Jupyter notebook state is difficult to reason about, inspiring colorful talks such as Joel Grus' "I don't like Notebooks" presented at JupyterCon 2018. To address this problem, we developed a custom kernel, https://github.com/nbsafety-project/nbsafety, that highlights cells that a) are likely unsafe to execute, and b) likely useful to re-execute, all without requiring changes to user behavior.

Outline

Jupyter notebooks have revolutionized the analytical workflows of scientists and engineers. By keeping intermediate program state in memory and segmenting units of execution into so-called “cells”, notebooks allow users to execute their workflows interactively and enjoy particularly tight feedback. However, as cells are added, removed, reordered, and rerun, this hidden intermediate state accumulates in a way that is not necessarily correlated with the code visible in the notebook’s cells, making execution behavior difficult to reason about. To address some of these shortcomings, we present NBSafety, a custom Jupyter kernel and frontend that uses a combination of runtime tracing and static analysis to automatically manage lineage metadata associated with cell execution and global state. NBSafety highlights cells that, if executed, would likely give counter-intuitive results due to stale references. At the same time, NBSafety also highlights cells that would resolve staleness issues.

Thesis and key takeaways: Our thesis is that NBSafety helps reduce cognitive overhead associated with automatically managing Jupyter notebooks' hidden, global state, and does so in a way that does not require users to give up the notebooks they already know and love.
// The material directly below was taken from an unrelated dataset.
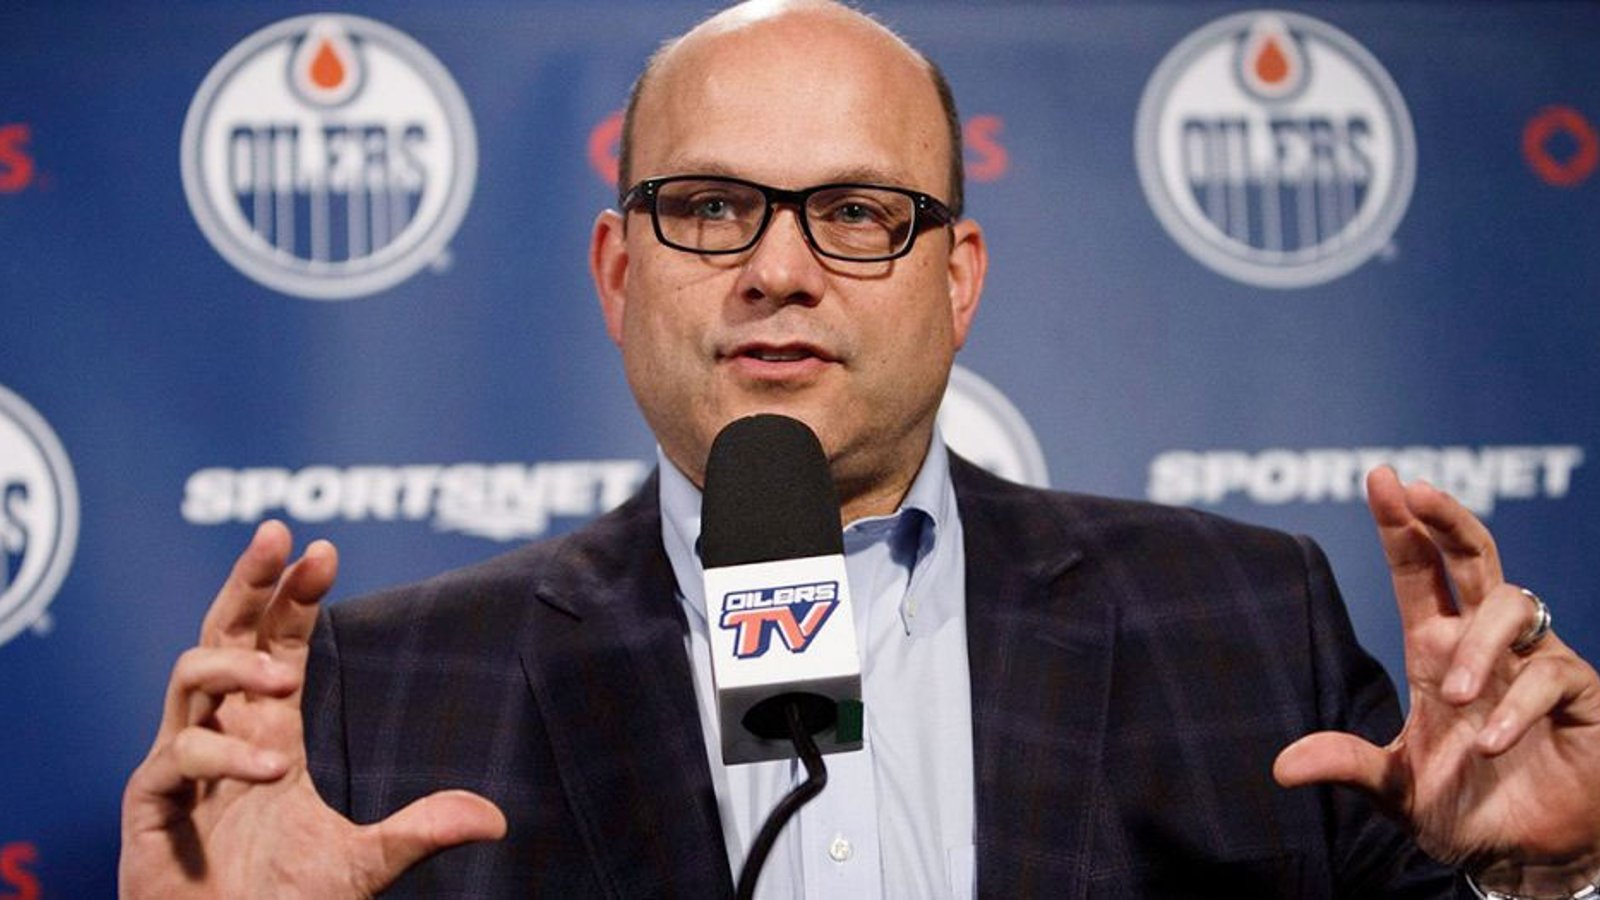 Peter Chiarelli is back in the NHL!
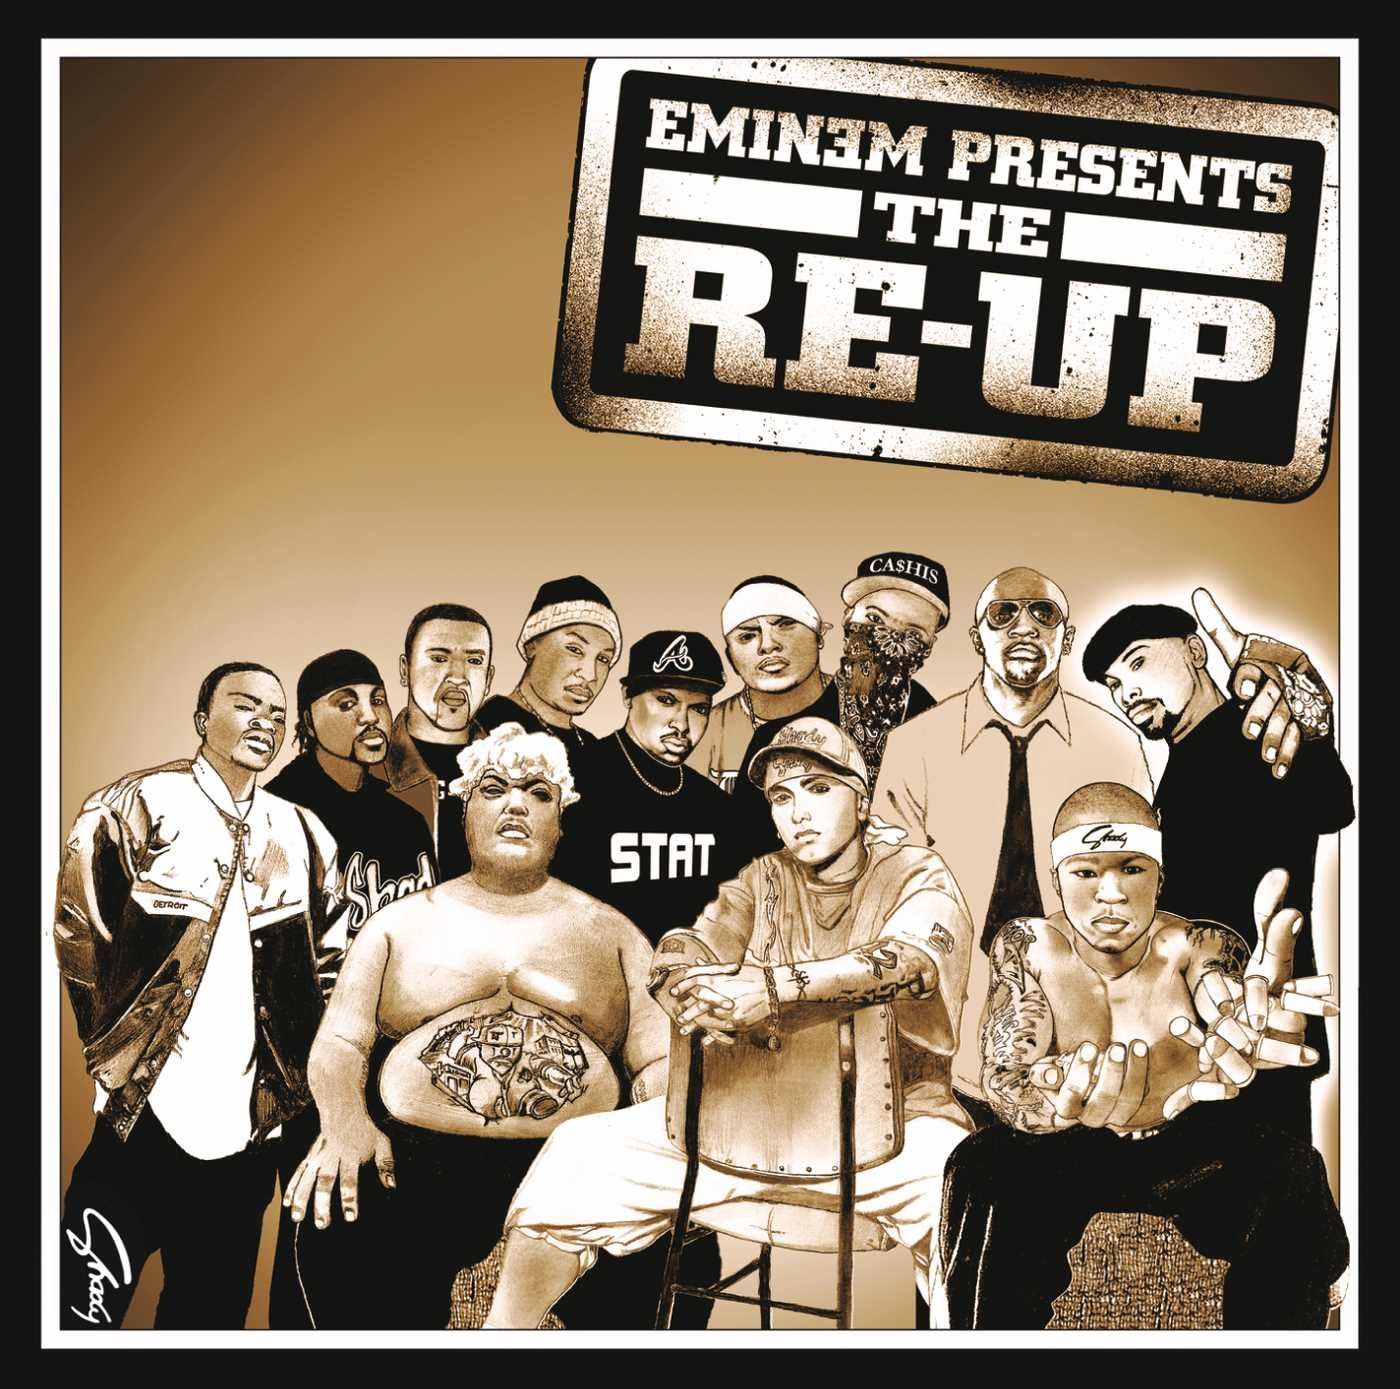 Album cover of "Eminem Presents: The Re-Up"

By analyzing a collection of more than 2000 real Jupyter sessions, we show that, indeed, a) the cells highlighted by NBSafety as unsafe are, in fact avoided by users, and b) the cells highlighted by NBSafety as re-execution suggestions are, in fact, often picked for re-execution.

Background knowledge: anybody who has used notebooks before will be able to follow our presentation and understand the benefits provided by our software, though some background in static program analysis may be helpful for understanding the more technical aspects.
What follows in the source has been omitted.